Lastly, it is important to note that even for the 1-year trials, the follow-up times likely varied between patients, so that the simple proportions used can be inaccurate to compute the NNT, as shown in Table 1. Thus, in this case, one should seek Kaplan–Meier estimates that account for variable follow-up times. Moreover, one could also use data from the longer-term trials, the 4-year trial for instance, identifying the 1-year cumulative incidence values from the Kaplan–Meier estimates that span the 4 years of the study.

NNT in Benefit–Risk Evaluation

The NNT can also be useful in evaluating the balance between a risk and benefit of a drug. Indeed, the number of patients that need to be treated to prevent an outcome of the disease can be compared to the number needed to treat to induce a patient having a harmful side-effect. For example, the NNT was useful in weighting the benefit of inhaled corticosteroids in preventing COPD exacerbations against their risk of inducing pneumonia.

^{29}^{,}^{30} It was a particularly important question since pneumonias are much less frequent than COPD exacerbations, so that one is tempted to assess benefit versus risk simply on the basis of the frequency of these outcomes, rather than the drug effects.

^{29} The NNT approach revealed, however, using the net effect of inhaled corticosteroids, that the risk of inducing pneumonia may outweigh the benefit of preventing exacerbations, particularly over the longer term, even if pneumonia is much less frequent.

^{29}^{,}^{31} Of course, such use of the NNT in a benefit–risk assessment must also make sure that outcomes of similar importance are being compared, such as avoiding the comparison between mild COPD exacerbations that are easily treated in the outpatient setting versus pneumonias that require extended hospitalization and possibly intensive care.

Another example is the previously mentioned meta-analysis of low-dose aspirin use, where prevention of mortality was assessed against causing gastrointestinal bleeding.^{3} Using the pooled data from six trials, the number needed to treat with low-dose aspirin to prevent one death from any cause was 67, while 100 needed to be treated to induce one non-fatal gastrointestinal tract bleeding. Here again, however, this meta-analysis included trials of varying durations, which can introduce bias in the NNT when not properly accounted for, particularly if the risks or benefits vary with duration of aspirin use. Moreover, the NNT values do not refer to a specific duration of treatment with aspirin.
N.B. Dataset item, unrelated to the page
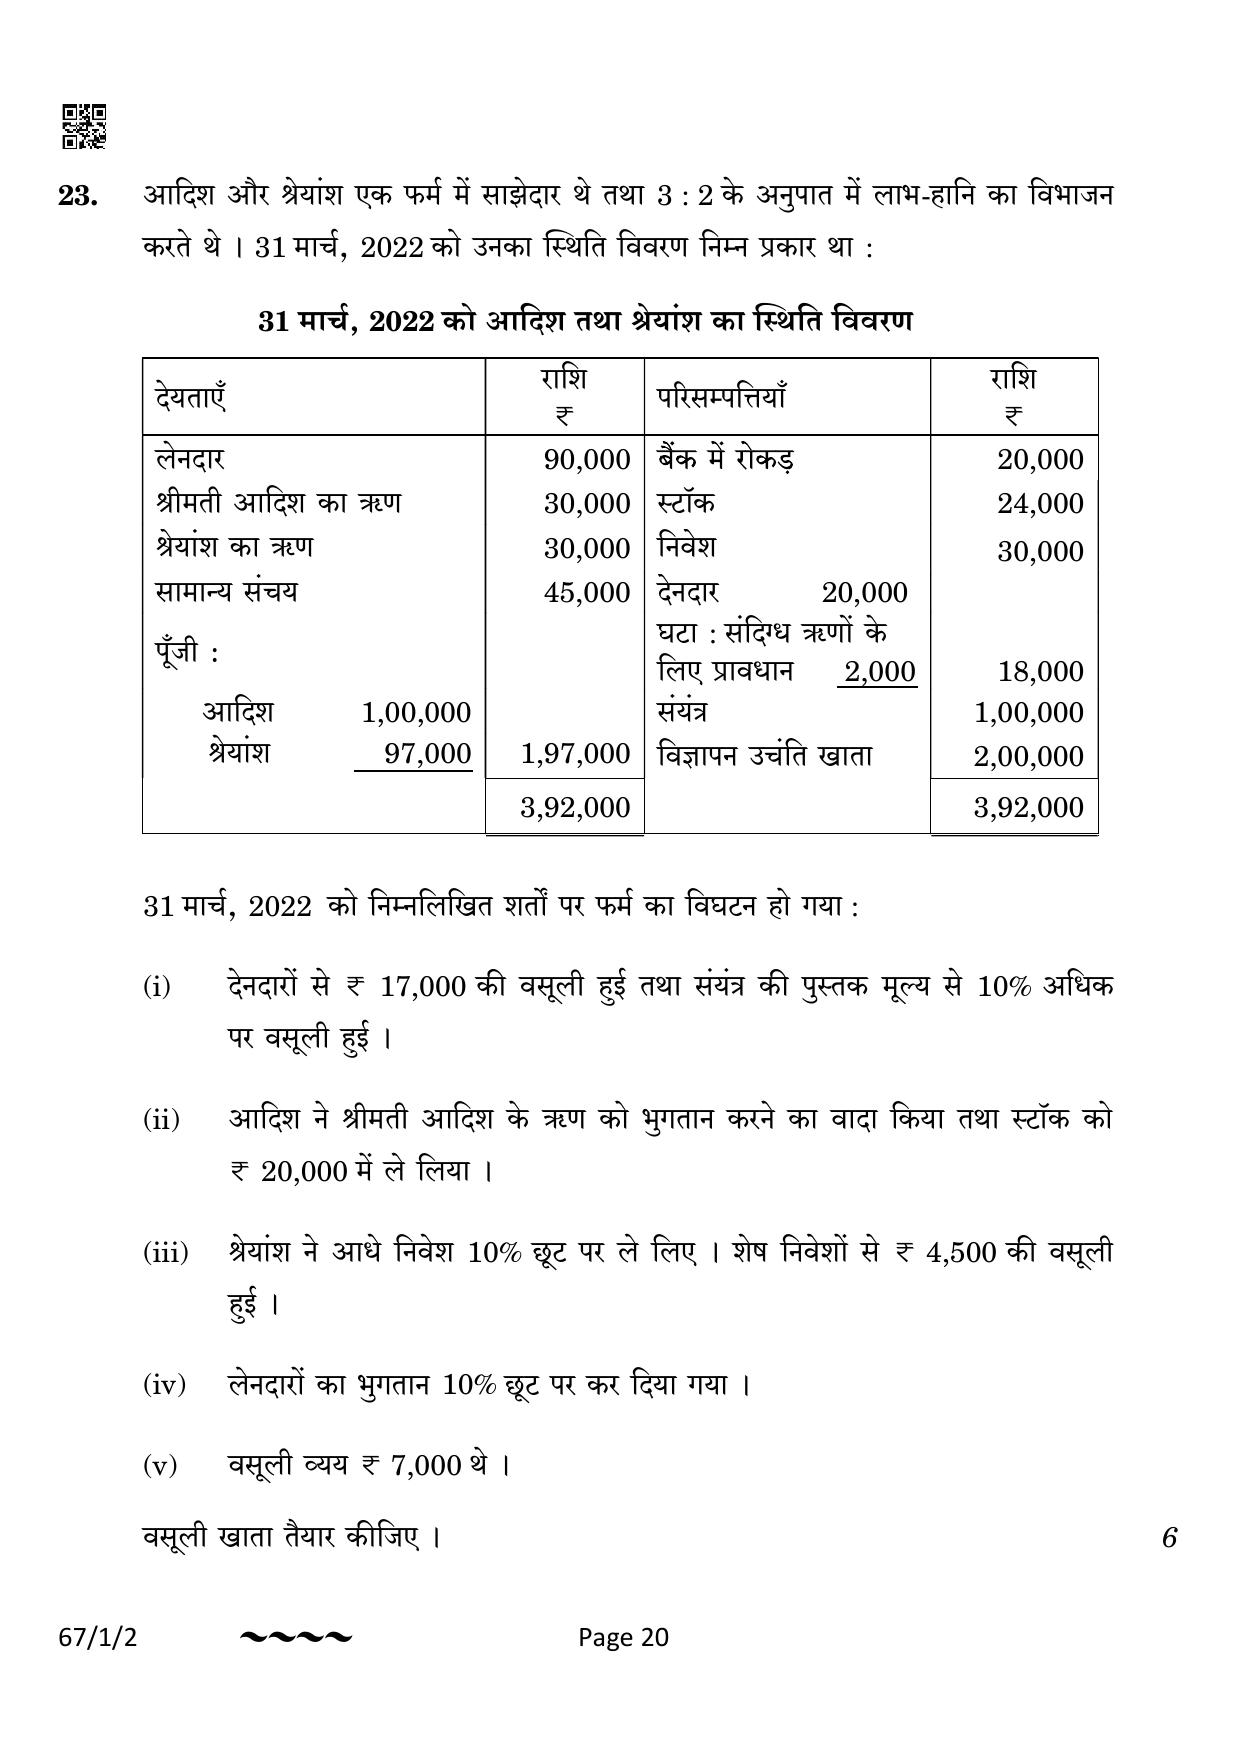 CBSE Class 12 67-1-2 Accountancy 2023 Question Paper - Page 20

In contrast, an analysis pooling data from four trials to assess the benefit–risk of rivaroxaban versus enoxaparin for the prevention of venous thromboembolism (VTE) after total hip or knee arthroplasty properly used the Kaplan–Meier curves to compute the NNTs.^{32} These were measured at specific time points, namely 70 days after total hip surgery and 47 days after knee arthroplasty, for the benefit outcome of VTE or death, versus the risk outcome of bleeding.